According to the ethics complaint (PDF), lawyer Maria Elena Perez offered to gather information for the NCAA during depositions in the bankruptcy of her client, Neil Shapiro, if the NCAA would foot the bill. Shapiro was on board with the idea, the opinion says. The NCAA and the University of Miami raised concerns about the situation, though the NCAA offered to pay for costs of transcripts if the depositions were scheduled in any event and were open to the public.

Perez had represented Shapiro in a criminal case that ended with a 20-year sentence for his participation in a Ponzi scheme. Shapiro had made donations to the University of Miami football program that violated NCAA rules, according to the ethics opinion. Because he felt the university abandoned him in prison, he wanted to report the rule violations to the NCAA.

According to the ethics complaint, NCAA investigator Ameen Najjar told Perez she could bill for deposition costs, but not attorney fees, and Perez never confirmed the arrangement with the NCAA’s legal department.
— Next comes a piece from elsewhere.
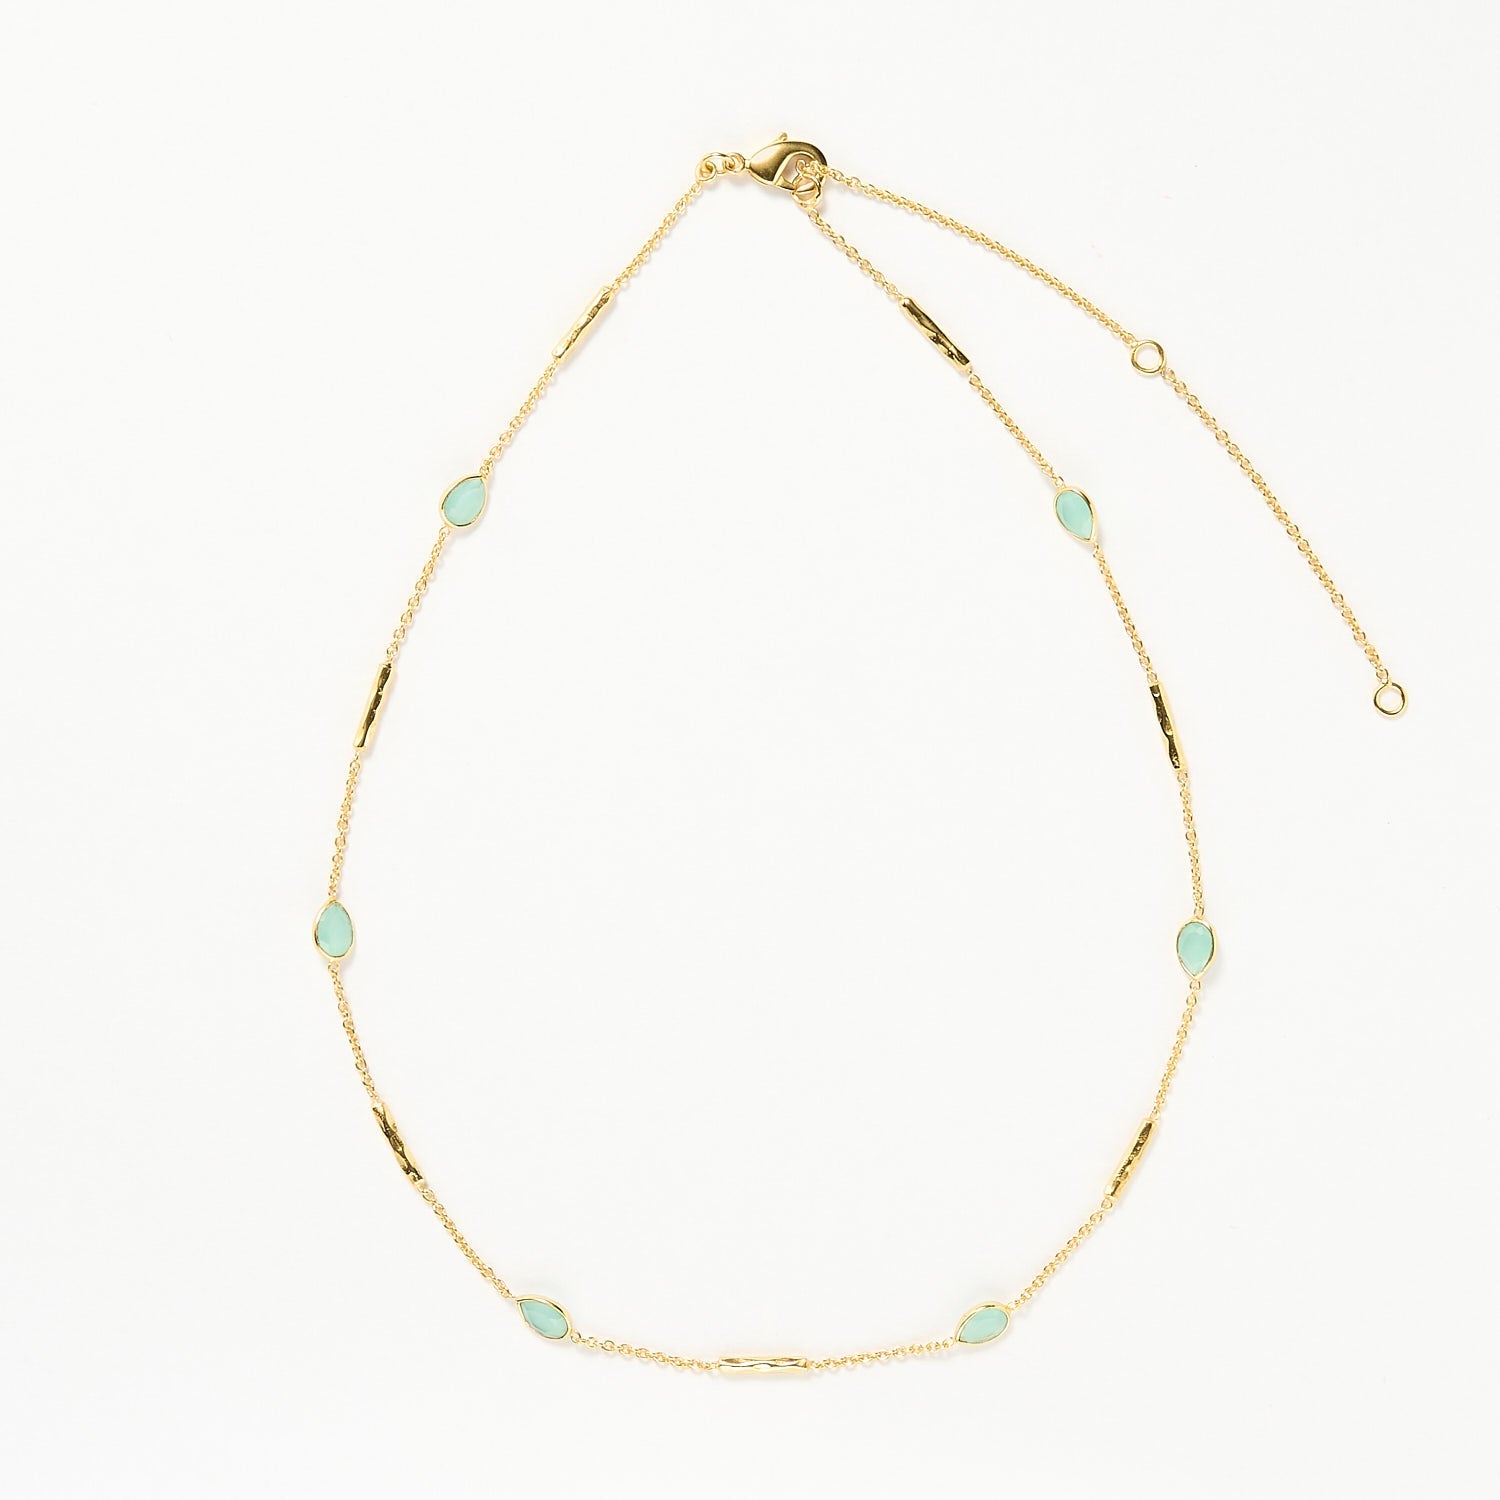 Maldives necklace - Aqua, Gold

During the depositions of witnesses that could be helpful to the NCAA probe, Perez did not disclose her relationship with the NCAA, the ethics complaint alleges.

Perez billed the NCAA for service of process, copies, paralegal time, some legal work and bankruptcy training, the ethics complaint says. She inflated her time in bankruptcy training, billed for costs incurred before any agreement to pay, and billed paralegal time for the same services also billed at an attorney rate, the complaint alleges.

She billed more than $65,000 in total, though the NCAA did not pay the entire amount.

Perez did not bill for a videographer for two of the depositions because she invited HBO Sports to tape the proceedings, the complaint claims. “Thus, Respondent allowed a member of the press, HBO Sports, to appear at the depositions by invisible proxy, without having to appear on the record itself, and without any notification to the court, the deponents, counsel, or the NCAA,” the complaint says.

Perez was also accused of leaking a deposition transcript of Shapiro’s former assistant to the Miami Herald, “thus providing full disclosure of [the deponent’s] finances, bank account numbers, and other sensitive, personal information.”

The Associated Press, CBS Sports and the Daily Business Review had news of the ethics complaint. Perez refused comment when reached by the Daily Business Review, but the publication says she previously denied any wrongdoing.